Toda abertura nos discos do Observer Drift é certeira. Um ótimo e convidativo engodo para o ouvinte. Aqui não é diferente. ‘When You Disappear’ é quase uma folktrônica onde um vocal feminino fica dizendo as mesmas palavras em exaustão. Funcionou. Assim como a pegada mais pop-rock de ‘The Long Run’ que dá destaque à voz de Ward funciona logo em seguida. O músico até arrisca um momento mais soul music e intimista, isso fica evidente em ‘Echolocation’.

O problema do álbum é sua metade. No intuito de criar mais variedade ao disco, o OD elabora algumas faixas cansativas que não fazem jus ao poder criativo do artista. Algumas canções revelam um lado mais experimental e psicodélico, entretanto perdem em melodia e acabam se tornando prescindíveis ao disco, tais como ‘Same Away’ e ‘Daniel’. Nota-se um certo preenchimento desnecessário de algumas músicas neste terceiro trabalho.
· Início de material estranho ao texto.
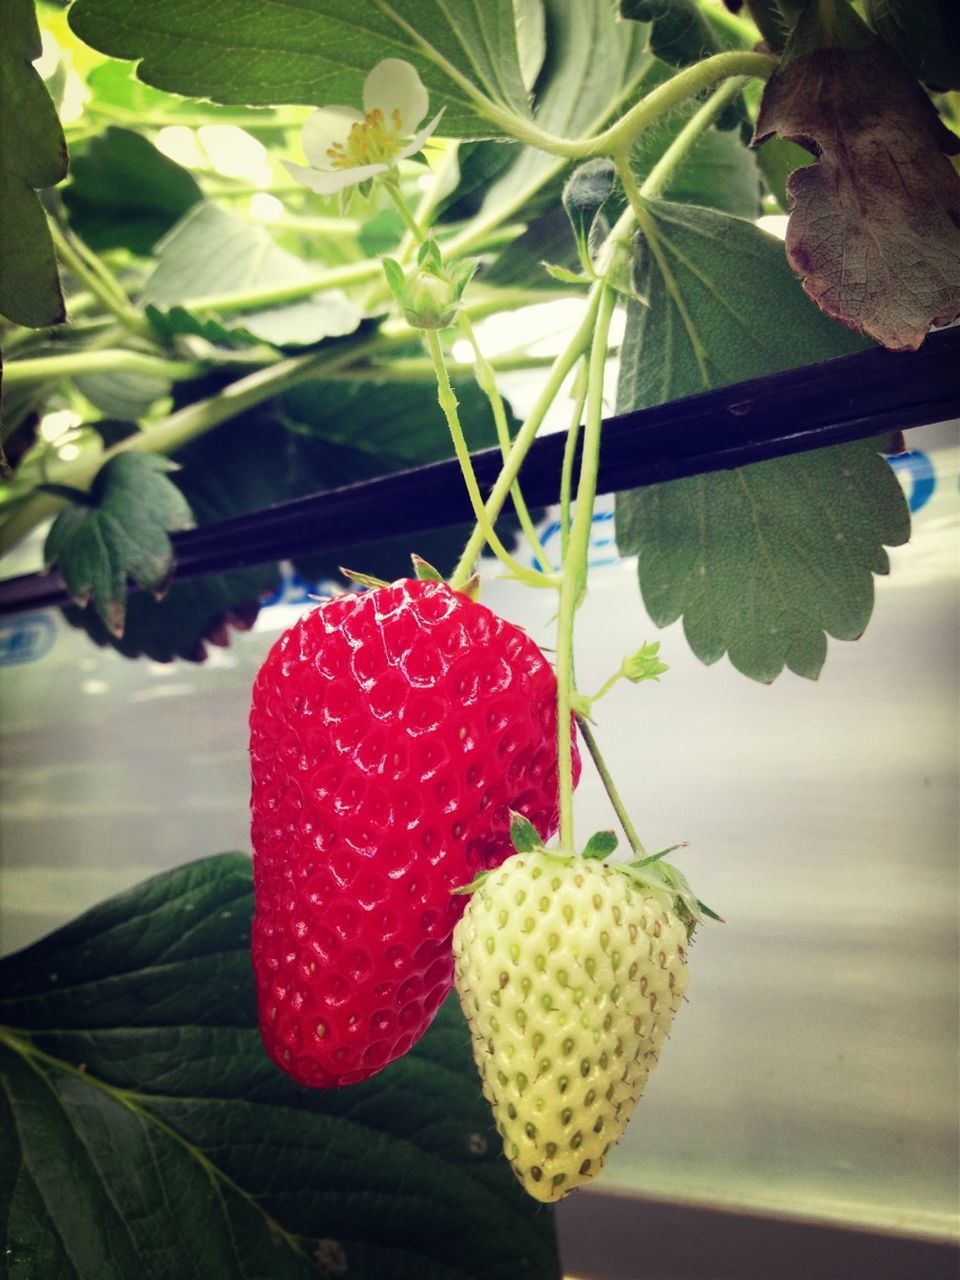 freshness, fruit, food and drink, growth, leaf, red, flower, food, plant, healthy eating, nature, tree, beauty in nature, close-up, berry fruit, ripe, hanging, water, focus on foreground, strawberry

Nem de todo mal, o que fica observado em ‘Echolocation’ é que Collin Ward e seu OD tem criatividade e novos trabalhos poderão chegar. Uma lapidação ali, um retoque aqui, talvez até um disco menor. Um trabalho regular de um artista que até então vinha galgando bons caminhos no cenário musical. Tendo em vista que Collin tem apenas 20 anos fica a sensação de que o amadurecimento poderá chegar com outros trabalhos e que resultados regulares fazem parte de nossas vidas.